Discussion: In this case the router is a L2TP server and handles multiple L2TP/PPP connection. Some of them are multilink PPP connections. The ASR software has a bug that leads to these tracebacks when the L2TP connections are going over an ethernet channel group. We opened a case with Cisco support. After one and a half month we received this answer:
Apologies for the delay. I was held up on other critical issues and hence was unable to reach out to you earlier. I was able to decode the tracebacks observed during the time of the issue and the issue points to a known software bug as the cause of the problem. Below are more details
CSCua16777 : FMFP-3-OBJ_DWNLD_TO_CPP_FAILED: SIP0: fman_fp_image: MLP bundle
Bug toolkit link : https://tools.cisco.com/bugsearch/bug/CSCua16777/?reffering_site=dumpcr
However the above bug is in closed state with the below release-notes
Symptom: FMFP-3-OBJ_DWNLD_TO_CPP_FAILED: SIP0: fman_fp_image: MLP bundle 8767, link 8766 download to CPP faile
Conditions: LNS MLPPP sessions don't stay up over port-channel
Workaround: MLPPP over port-channel is not supported on ASR1k. Don't use MLPPP over port-channel.

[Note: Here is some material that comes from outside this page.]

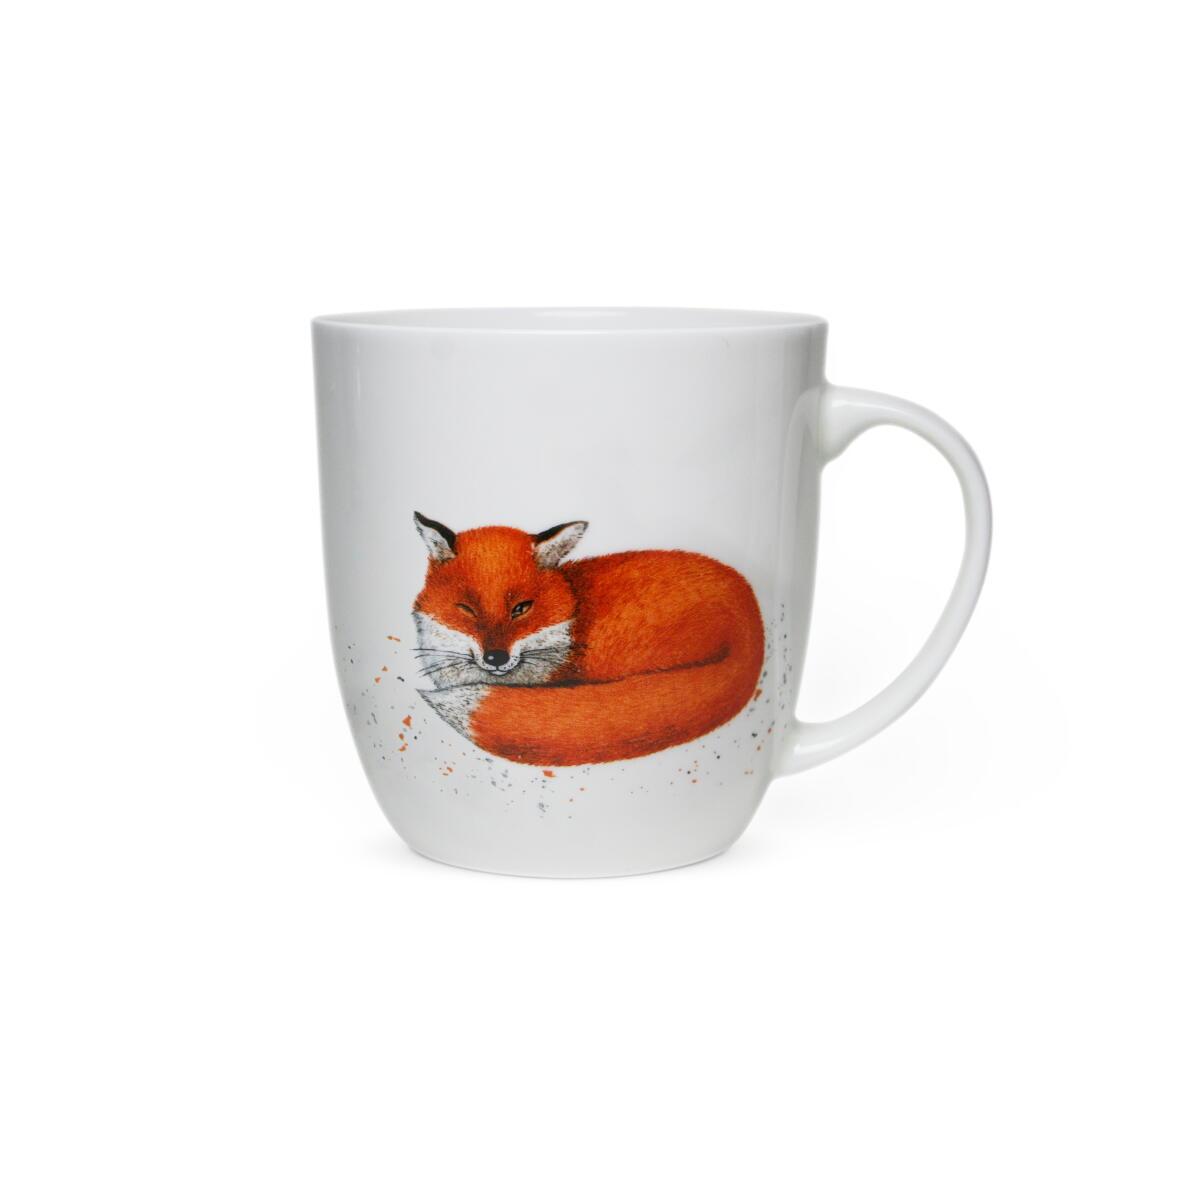 Кружка детская Priority KPC-766 Наглая рыжая морда посуда и инвентарь priority кружка кот матис счастье есть в подарочной коробке 380 мл

Dear Cisco! This is no solution. If you define an obvious bug as normal behaviour and the only workaround is “Don’t use..”, your customers will soon remember this:
“Cisco ? Don’t use…”
Solution: “Don’t use Cisco ?”
Version: Cisco ASR 1002-X, IOS XE Version: 03.09.02.S
Update: If I use the link of the bug report, I receive this answer:
Insufficient Permissions to View Bug
This bug contains proprietary information and is not yet publicly available.